Showing posts with label hortillonages. Show all posts
Showing posts with label hortillonages. Show all posts

Friday, 19 June 2009

10 Years On - Part 6 of Account of Cycling Northern France

By this day, depression was turning to guilt as I knew that I had done so much more by just coming on this holiday than the bulk of my neighbours in East London would ever experience. Ten years on I have forgotten how traumatic this holiday was and am a little alarmed that I see, even a decade later, my attempts at holidays are still blighted as back then.


My fear of everything being closed on a Sunday may seem unusual to British residents of the 21st century but even now most French shops are closed on a Sunday and, as I had found out in the Dunkerque youth hostel, as a cyclist, that can leave you stranded without vital things.


Saturday 19th June 1999

Today I work around 08.00 having slept well despite the bed. Initially I felt relieved that I have decided to leave but today I just feel depressed and also guilty that I am throwing up a holiday neighbours would kill for. I sat around reading unhassled.
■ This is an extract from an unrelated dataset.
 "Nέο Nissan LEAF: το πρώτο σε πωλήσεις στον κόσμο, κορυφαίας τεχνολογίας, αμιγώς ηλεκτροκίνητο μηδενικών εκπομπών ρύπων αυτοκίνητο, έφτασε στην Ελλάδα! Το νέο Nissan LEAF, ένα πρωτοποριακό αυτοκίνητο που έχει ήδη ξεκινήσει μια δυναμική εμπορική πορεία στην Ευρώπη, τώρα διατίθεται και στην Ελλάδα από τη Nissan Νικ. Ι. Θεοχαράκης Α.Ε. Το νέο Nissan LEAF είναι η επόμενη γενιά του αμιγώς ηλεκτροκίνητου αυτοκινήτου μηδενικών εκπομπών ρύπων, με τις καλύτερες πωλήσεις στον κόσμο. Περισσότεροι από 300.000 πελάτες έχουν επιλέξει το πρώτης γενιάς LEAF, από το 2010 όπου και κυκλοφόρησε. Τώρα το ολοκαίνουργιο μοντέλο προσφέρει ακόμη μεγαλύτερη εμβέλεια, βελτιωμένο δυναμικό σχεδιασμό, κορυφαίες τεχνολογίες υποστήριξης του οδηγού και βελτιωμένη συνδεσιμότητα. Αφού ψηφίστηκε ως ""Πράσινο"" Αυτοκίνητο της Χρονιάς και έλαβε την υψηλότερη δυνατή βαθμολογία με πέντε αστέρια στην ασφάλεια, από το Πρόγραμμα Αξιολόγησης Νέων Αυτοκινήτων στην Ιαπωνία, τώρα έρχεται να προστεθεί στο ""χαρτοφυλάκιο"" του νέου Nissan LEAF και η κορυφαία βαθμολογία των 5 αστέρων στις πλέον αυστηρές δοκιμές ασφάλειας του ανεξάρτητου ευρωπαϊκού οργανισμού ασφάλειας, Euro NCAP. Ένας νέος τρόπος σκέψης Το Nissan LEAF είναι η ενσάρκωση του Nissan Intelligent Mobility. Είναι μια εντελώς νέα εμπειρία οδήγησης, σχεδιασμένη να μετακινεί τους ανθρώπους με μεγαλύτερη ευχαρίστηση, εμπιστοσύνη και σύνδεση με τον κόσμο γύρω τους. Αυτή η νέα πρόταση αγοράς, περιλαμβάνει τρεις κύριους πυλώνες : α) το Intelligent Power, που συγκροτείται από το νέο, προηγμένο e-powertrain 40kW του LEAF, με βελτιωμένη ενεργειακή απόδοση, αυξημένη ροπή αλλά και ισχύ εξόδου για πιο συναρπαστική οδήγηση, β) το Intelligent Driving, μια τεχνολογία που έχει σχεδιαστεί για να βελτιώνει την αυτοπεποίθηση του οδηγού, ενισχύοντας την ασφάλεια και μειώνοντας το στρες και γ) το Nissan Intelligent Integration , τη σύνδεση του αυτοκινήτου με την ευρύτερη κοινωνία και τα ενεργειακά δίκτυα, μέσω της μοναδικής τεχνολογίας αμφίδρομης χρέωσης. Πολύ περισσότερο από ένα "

I wandered around the town, the market and the old town and stopped at the entrance to it to write the last of my postcards in 'Aux Manniken Pis', I should be less gloomy in them.
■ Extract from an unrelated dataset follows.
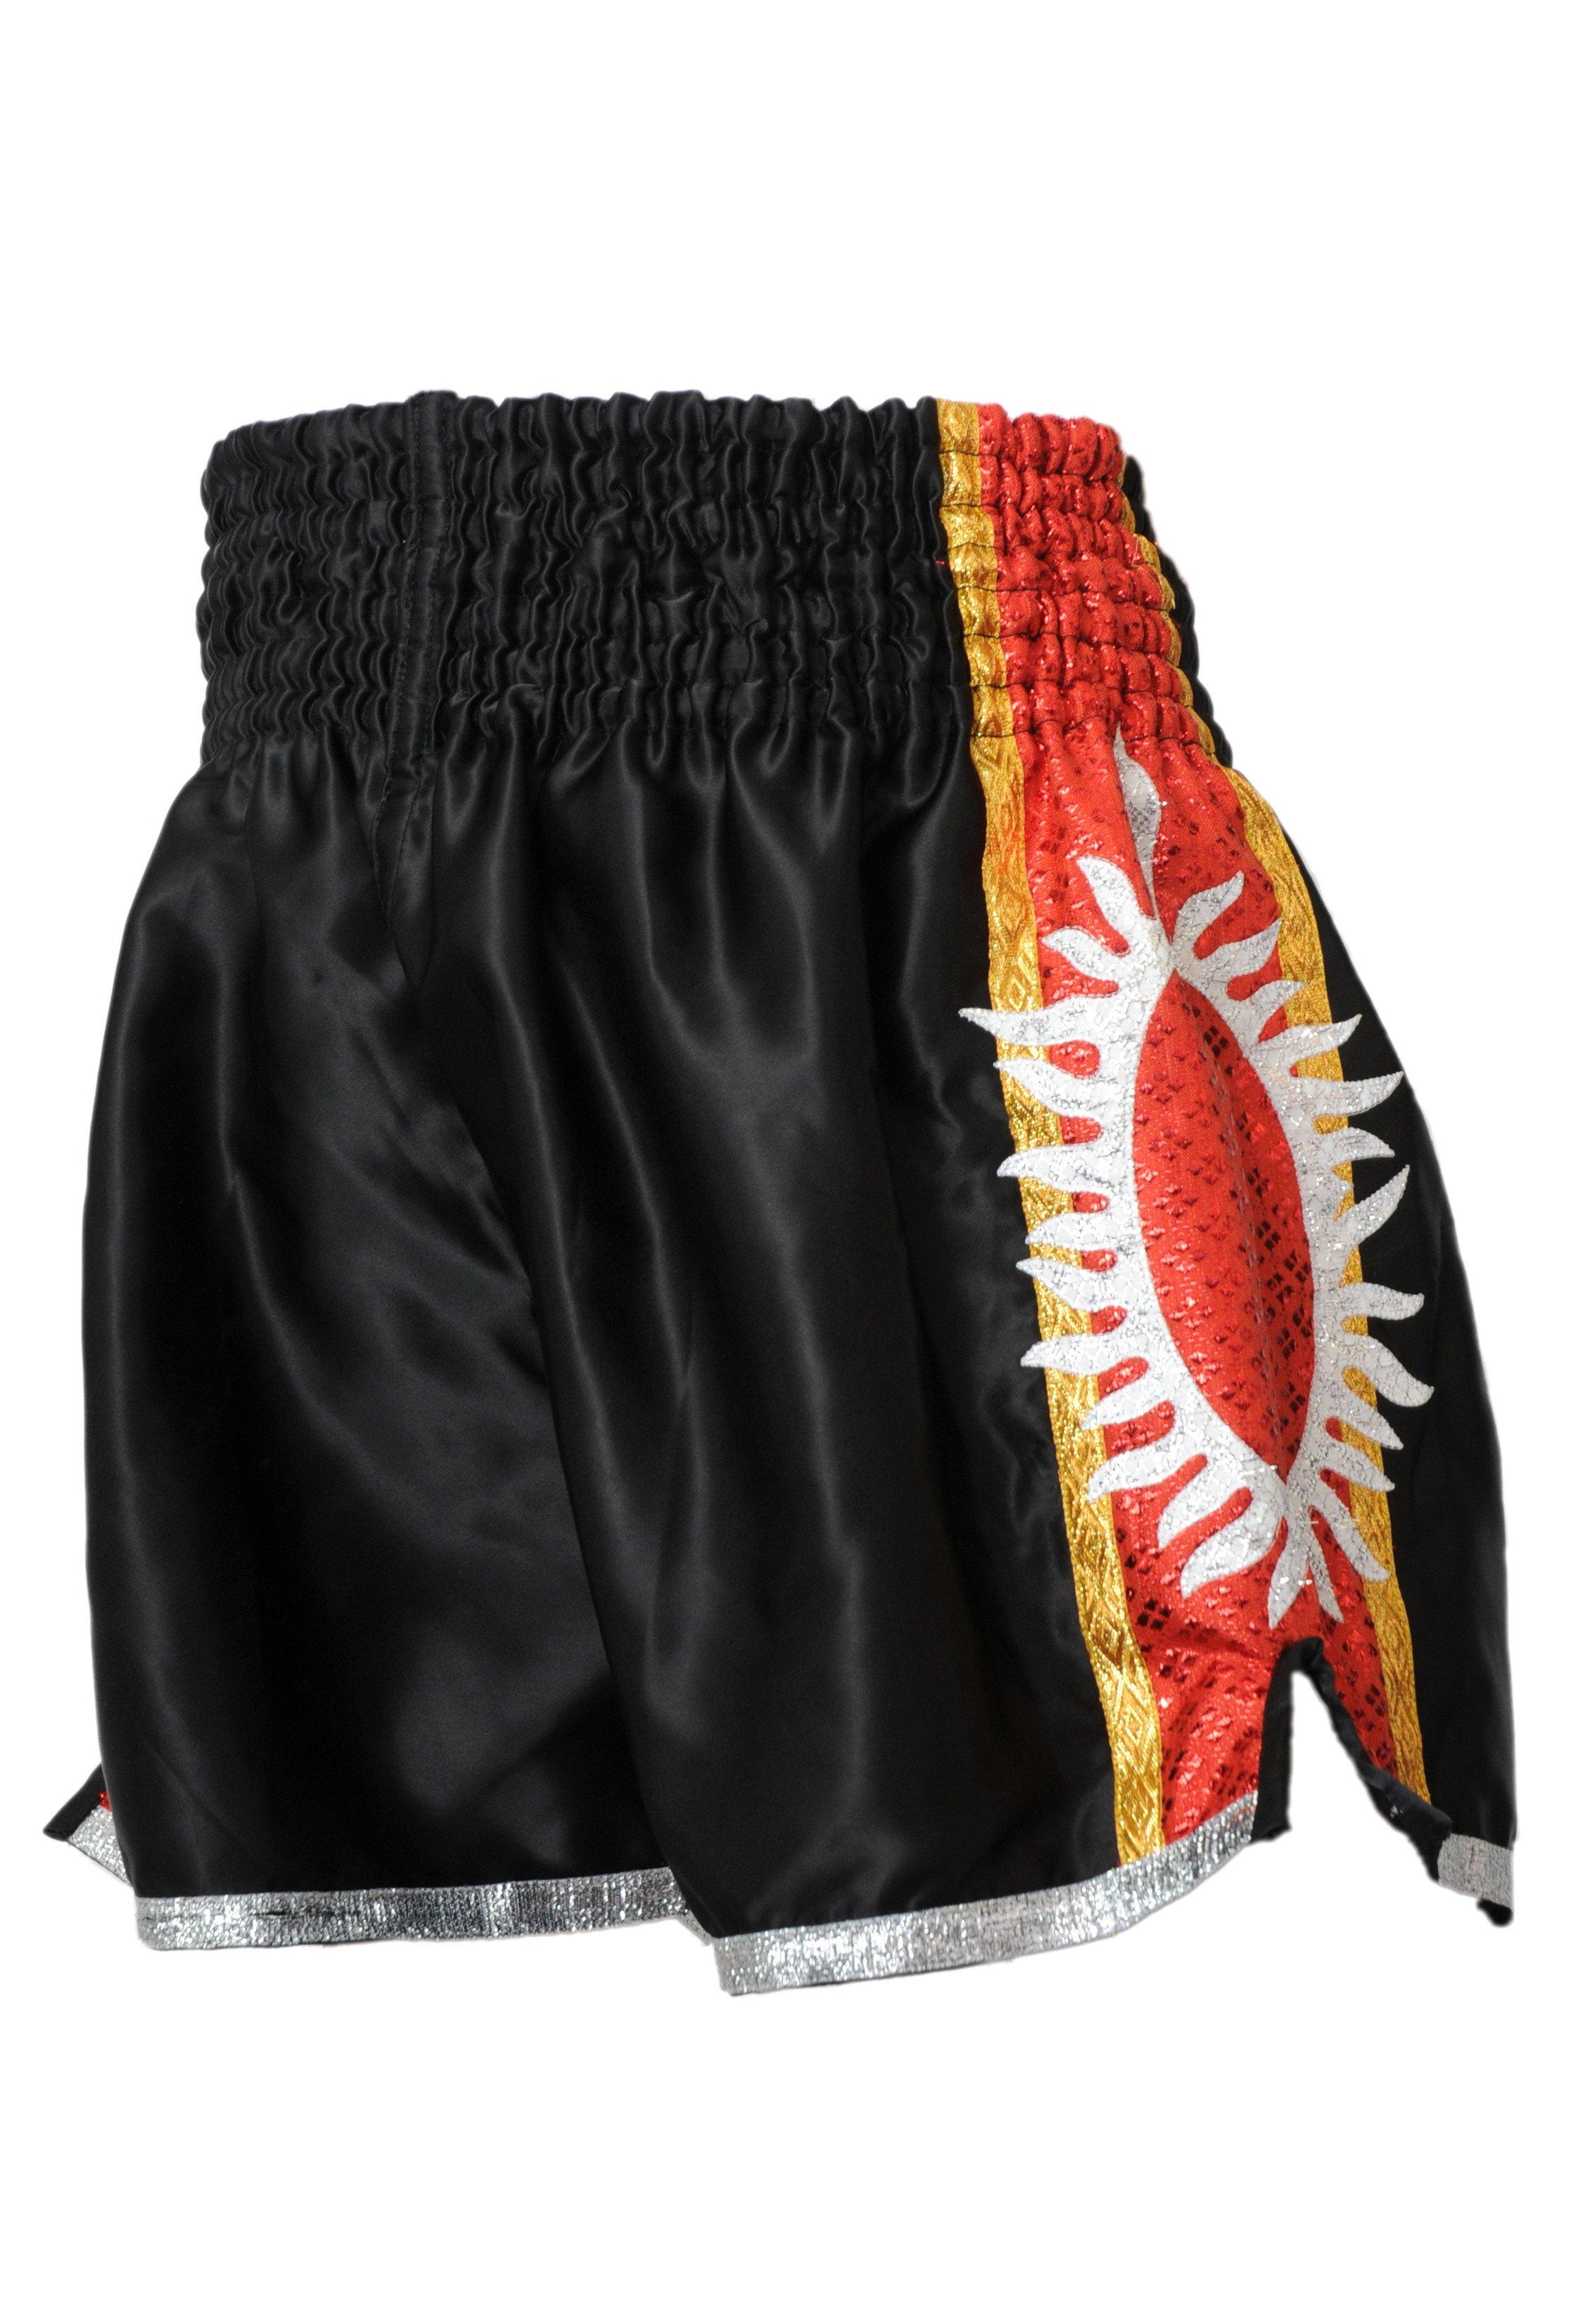 Short Boxe Thai ¨SUPERNOVA¨ noir/rouge

I had the plat du jour at 'La Capitainerie' on the quay of the river, made difficult to translate because spelt wrongly. I walked along the Hortillonages which are gardens and islands divided by small rivers. I did some shopping as much will be closed tomorrow.

Back in my room I slept and read more of 'Shōgun'. I then walked inmto town but had missed the festival's afternoon stuff and was too early for evening things most which started at 21.45. I ate at 'La Table Picardie' and unlike meals since yesterday did not rush it. I then came back.

I hope I can make Montreuil tomorrow rather than be depressed in Abbeville. This holiday has proven what a pathetic character I am, fearful of everything, unable even to relax or enjoy myself. I need to hurry back to the pathetic scraps of my life in Britain I have for comfort. I should eat lightly and save more money, though that is less important now.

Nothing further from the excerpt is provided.